═════ Exercise input

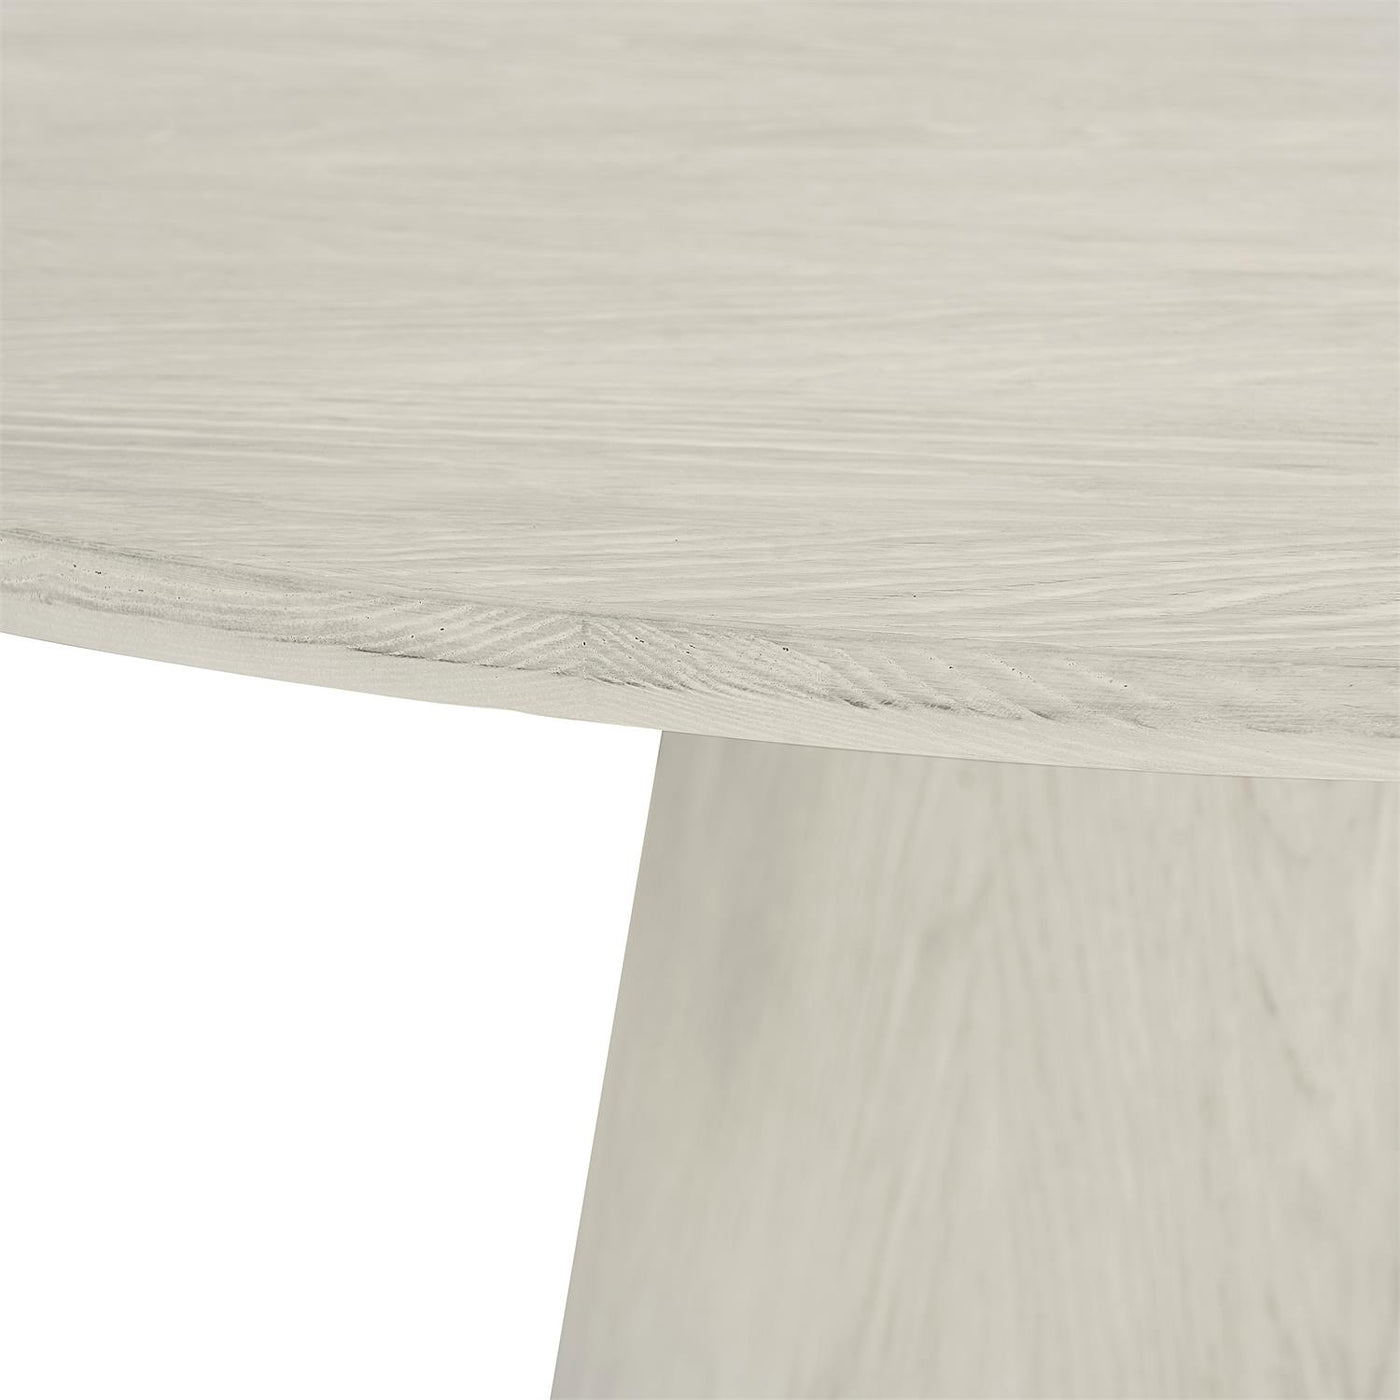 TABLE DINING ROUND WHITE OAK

══════════
═════ Exercise input

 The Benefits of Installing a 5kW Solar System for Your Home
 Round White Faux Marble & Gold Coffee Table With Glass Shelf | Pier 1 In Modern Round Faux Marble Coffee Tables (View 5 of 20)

══════════

Write down again, exactly as given, only the lines above that fall from the line with "The Benefits of" to the line with "Round White Faux", inclusive.

 The Benefits of Installing a 5kW Solar System for Your Home
 Round White Faux Marble & Gold Coffee Table With Glass Shelf | Pier 1 In Modern Round Faux Marble Coffee Tables (View 5 of 20)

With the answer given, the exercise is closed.